While it seems a risky move in some sense, it seems to be very strategic indeed. Gaining time, steadying the ship, appear to be in control, and take on the problems when it is easier to do so.
Btw., a question a little degressing? Can NI increase their shares by buying from the stock market, or are they under any regulation to do so? Otherwise, the current loss of value of BSkyB shares could allow them to buy some more ownership cheaper than anticipated.
In legal terms, serious reform of the concepts of “fit and proper person” and “media plurality” is required. Far too vague and elastic as they stand.
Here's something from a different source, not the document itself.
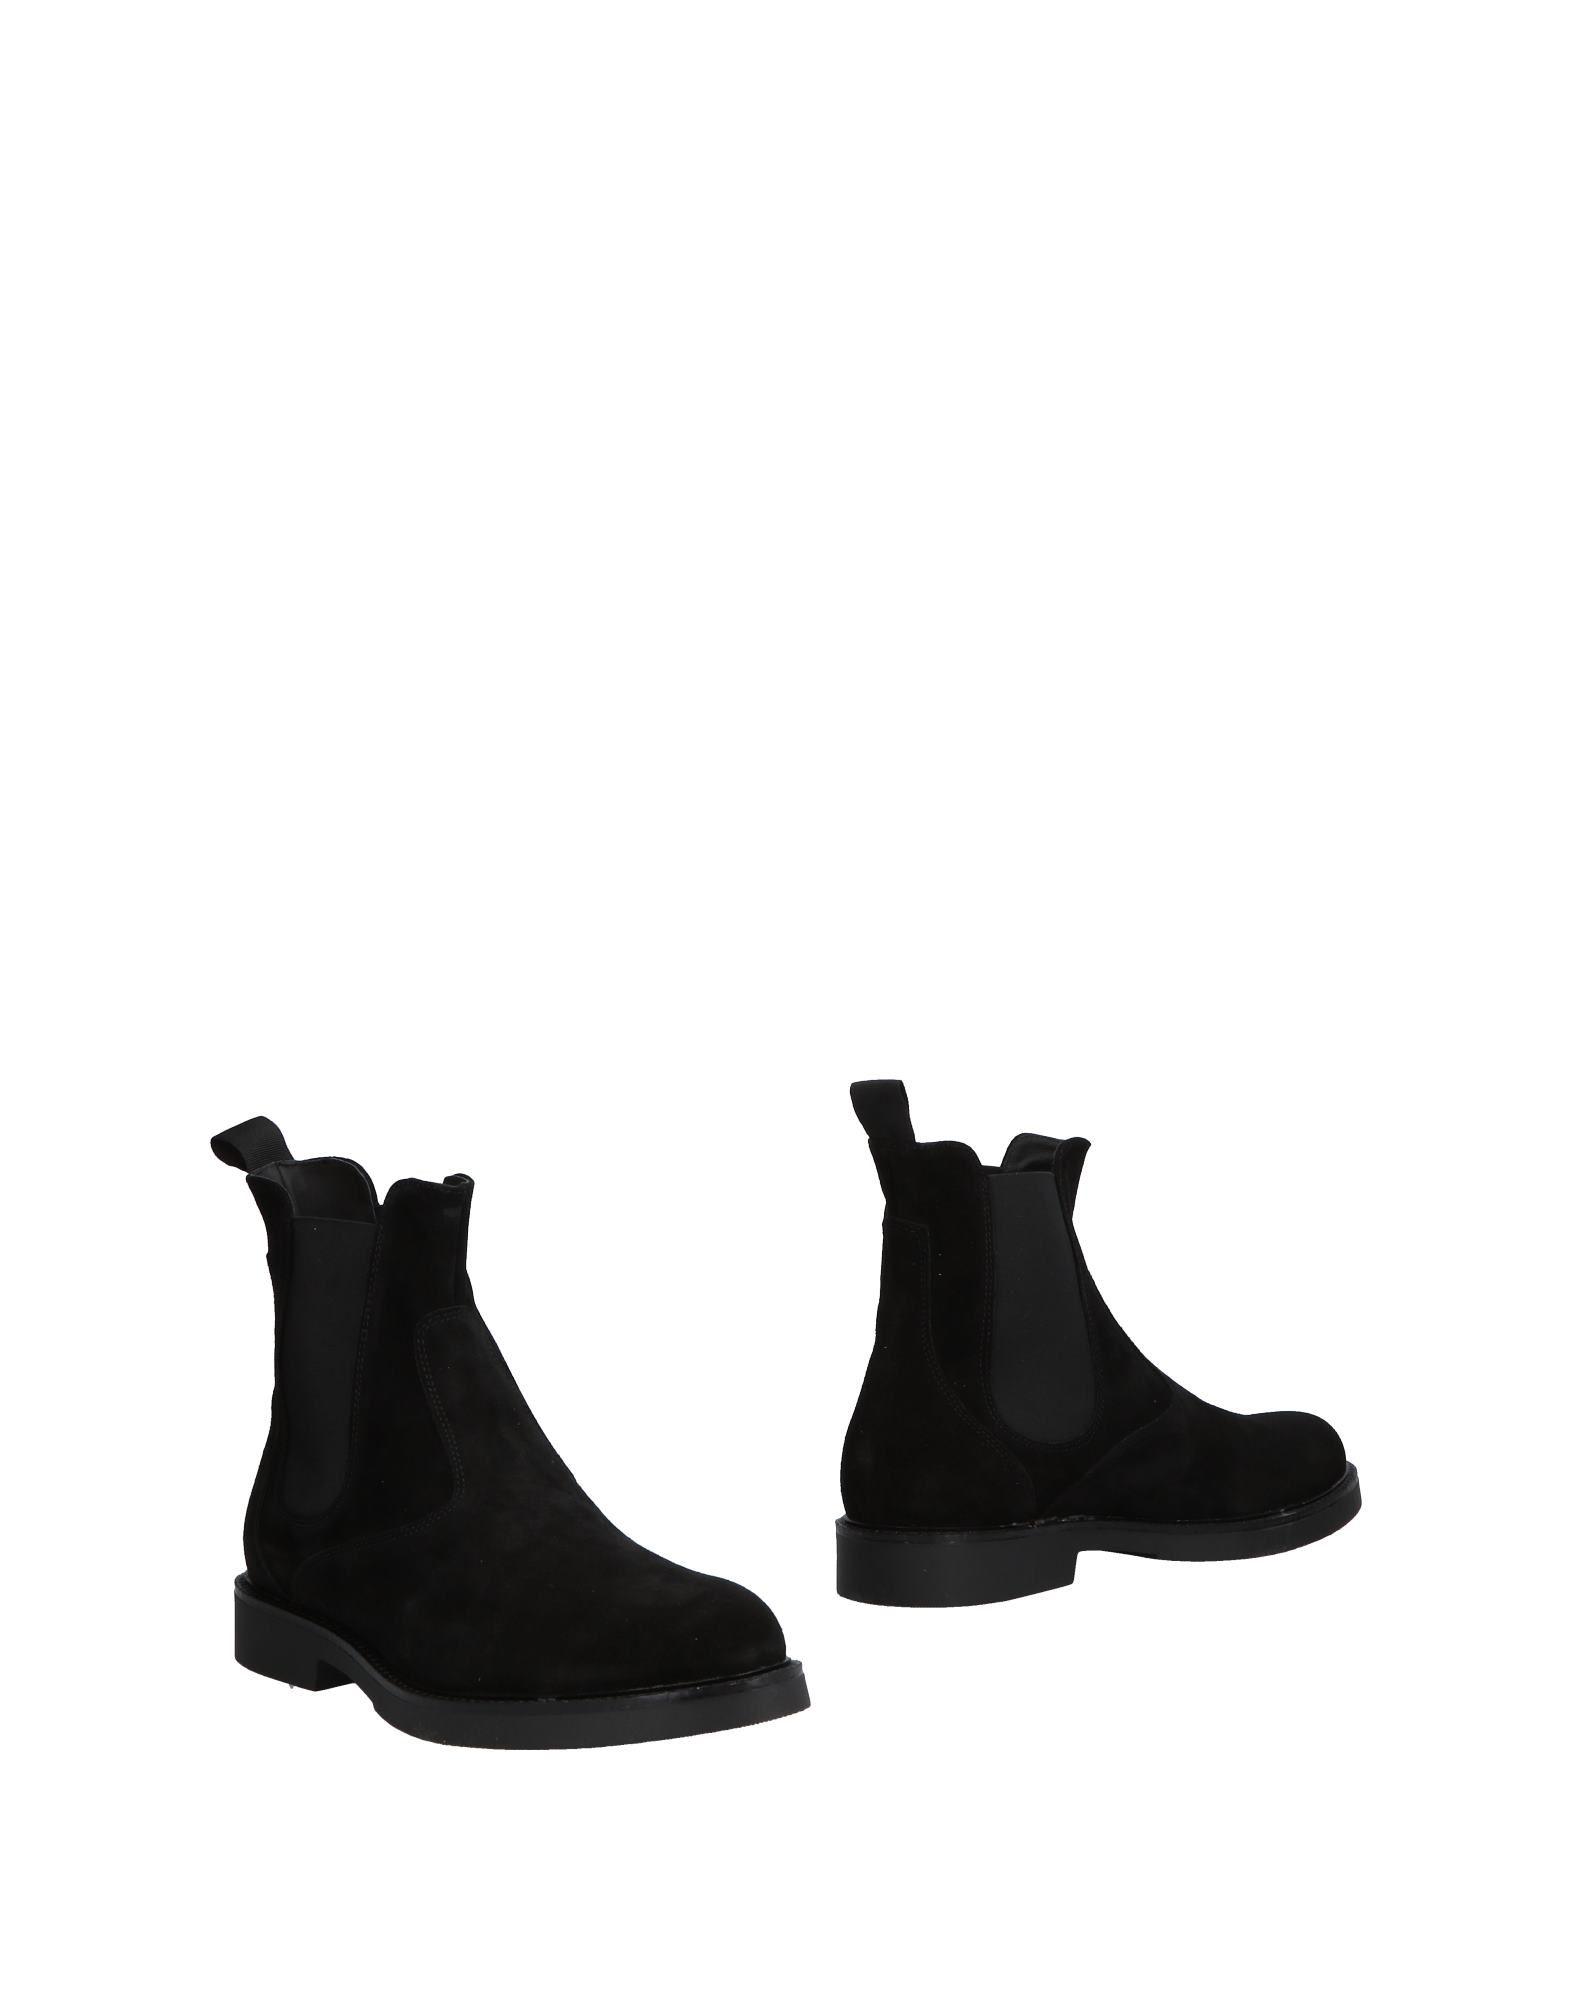 Sartoria Italiana Stiefelette Qualität Herren  11498621LB Gute Qualität Stiefelette beliebte Schuhe ae3693

Well, with NI now withdrawing their bid for BSkyB, we enter new territory. I don’t see this as the end of Murdoch’s desire to buy BSkyB, owning it 100% makes too much sense from his point of view, rationalising what otherwise is a big hole in his international satellite broadcasting network. This is the ‘long game’ out in the open. PR is important and he has concluded that there is simply far too much noisy opposition out there right now to make the takeover feasible. Don’t forget, even the Tories have made worried noises about what happened to Cadbury after the hostile takeover by Kraft, so there is ‘Big PR’ to be won ( to paraphrase Cameron ) in attacking NI’s bid. We may well see stirrings in the USA that may well kill it once and for all, otherwise exect a new bid in late 2011.
Another theory could be attached to all of this.
Bullies are more often than not very insecure people whose whole identity and confidence are based on the fact that they are able to bully other people around. It also often creates an aura of invisibility and power due to the fact that very few people are willing to stand up to people seen to bully others (this phenomena seems even more extreme in the UK than in a lot of other places).
When bullies are challenged they due as much (often everything, maybe even some illegal act) as they can to show they are the ones with the power, however when the veil of invincibility is somehow pierced bullies fall back to their original insecurity and retreat.
Without claiming this being a fact, since I do not know any of the persons involved, there could be such a pattern in this case that might explain some of the events. In contrast of a strategic retreat this might be an outright retreat trying to hide from the consequences of the actions that had been taken before.
Just another theory, anybody is invited themselves to look at the evidence and decide if this might be true or not.
Well, Rebekah Brooks has resigned, so that’s the last layer of corporate buffer gone, leaving the Murdochs with no more barriers between them and their sundry attackers. Now we’ll hear even less at the select committee hearing, unfortunately.